= Thad Krasnesky =

American children's book author

Thad Krasnesky is an American author, poet, and playwright. He is most well-known for his award-winning children’s books.

He is a former intelligence officer and Arabic speaker with multiple deployments to Iraq and Afghanistan. He received his first MA from Columbia University in Organizational Psychology and received a second masters in Military Arts and Science from the Command and General Staff College at Fort Leavenworth, Kansas.

His first children's book, I Always, Always Get My Way (2009) is held in 465 libraries according to WorldCat. It has been translated into German as Ich mach, was ich will - ich bin doch noch klein! and into Chinese as 我才三岁嘛! / Wo cai san sui ma!

His second children's book, That Cat Can't Stay (2010) was recognized as a Smithsonian Notable Book for Children.
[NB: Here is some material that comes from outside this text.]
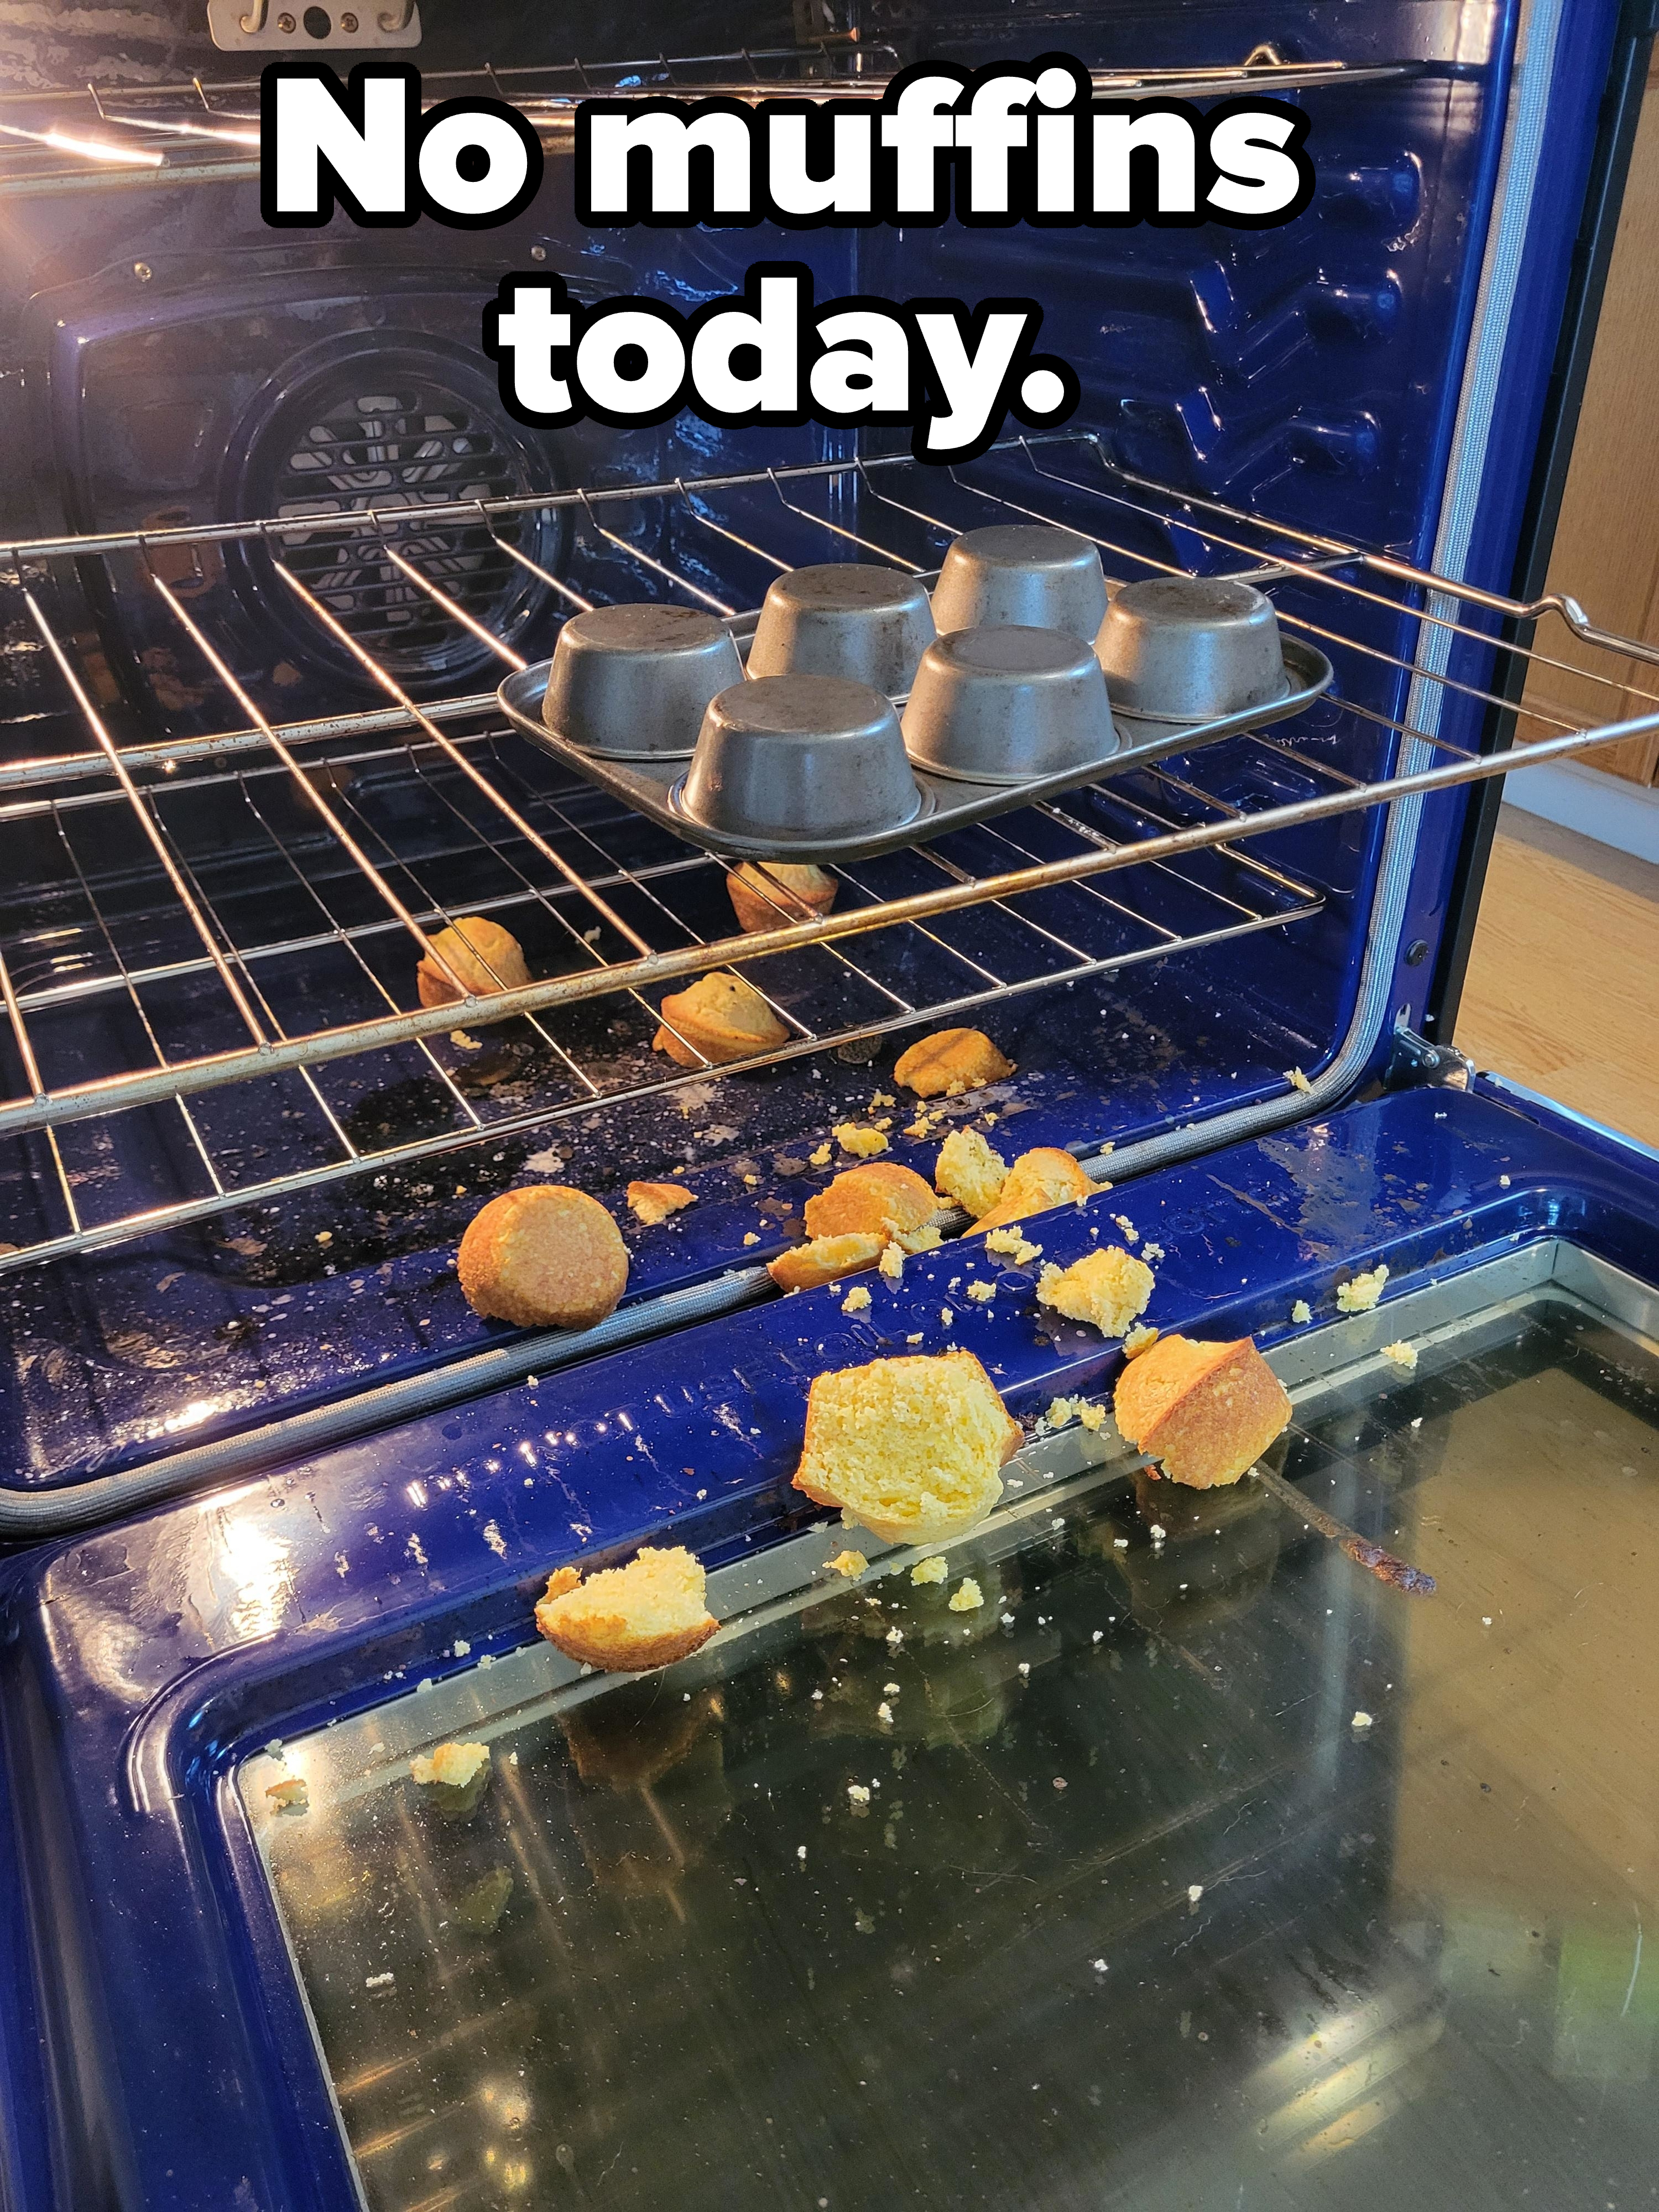 Exploded cupcakes on an oven floor with a metal tray and intact cupcakes above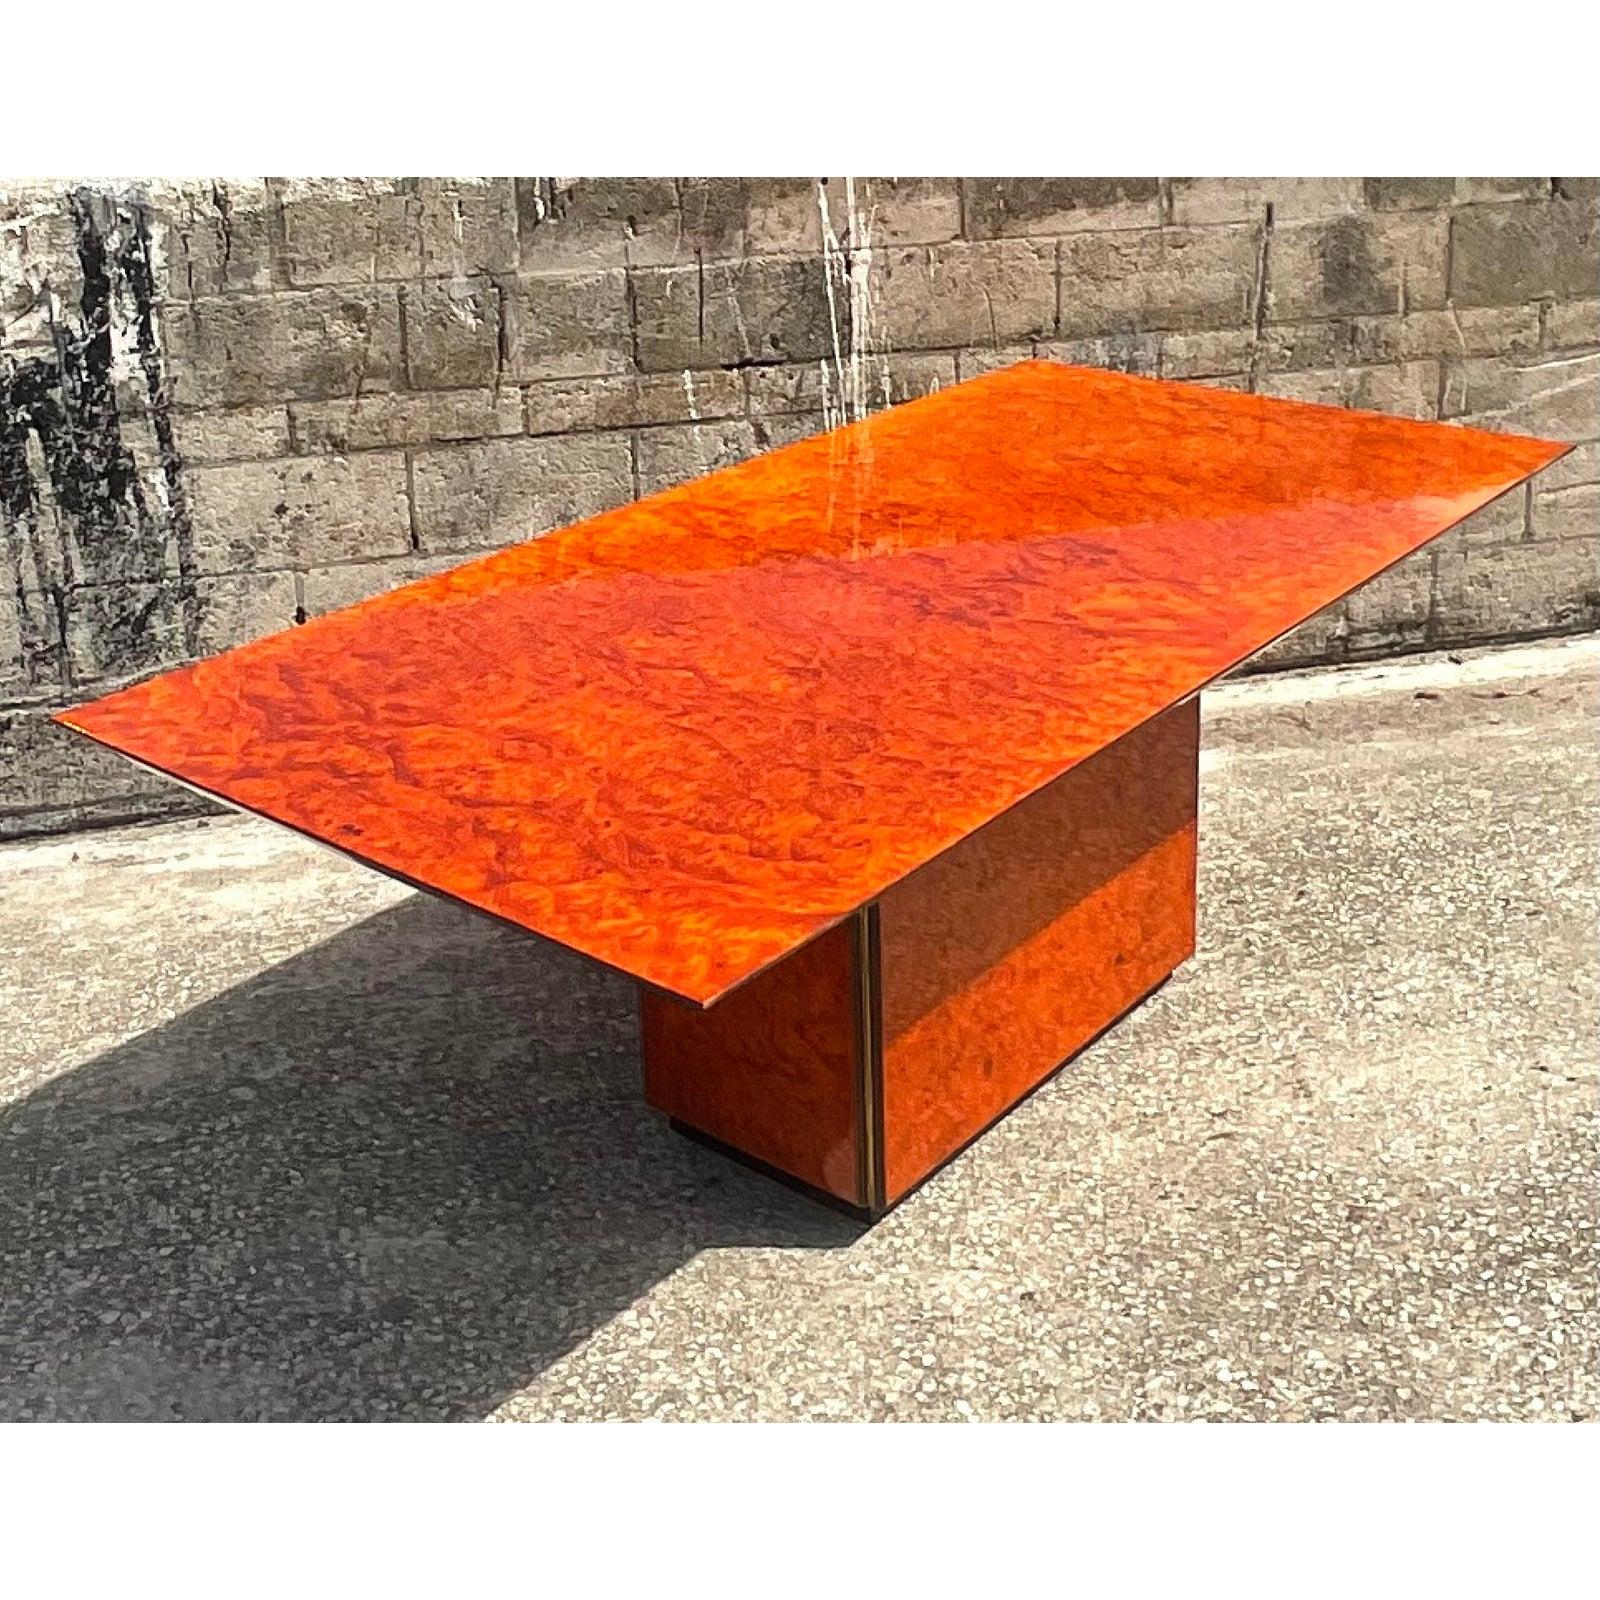 Fantastic vintage Lacquered Burl wood dining table. Made by the iconic Roche Bobois group. Incredible wood grain detail with a stacked pedestal. Matching credenza also available. Acquired from a Palm Beach estate.

According to WorldCat, the book is held in 661 libraries

His third book, “Pterodactyl Show and Tell,” was released in 2020. A release date for his fourth book has not yet been announced.

He is also currently seeking to produce his contemporary dramatic musical, “Babylon,” based on his combat experience in Iraq.

Additionally, he is a skeptical author of ghost stories. Fright to the Point was his first book of the paranormal, and was the first book of ghost stories that focused on ghosts of West Point. According to WorldCat, the book is held in five libraries

He currently resides in a large, 140 year old Victorian mansion that his wife has dubbed, The Krasnesky Manor for Wayward Cats.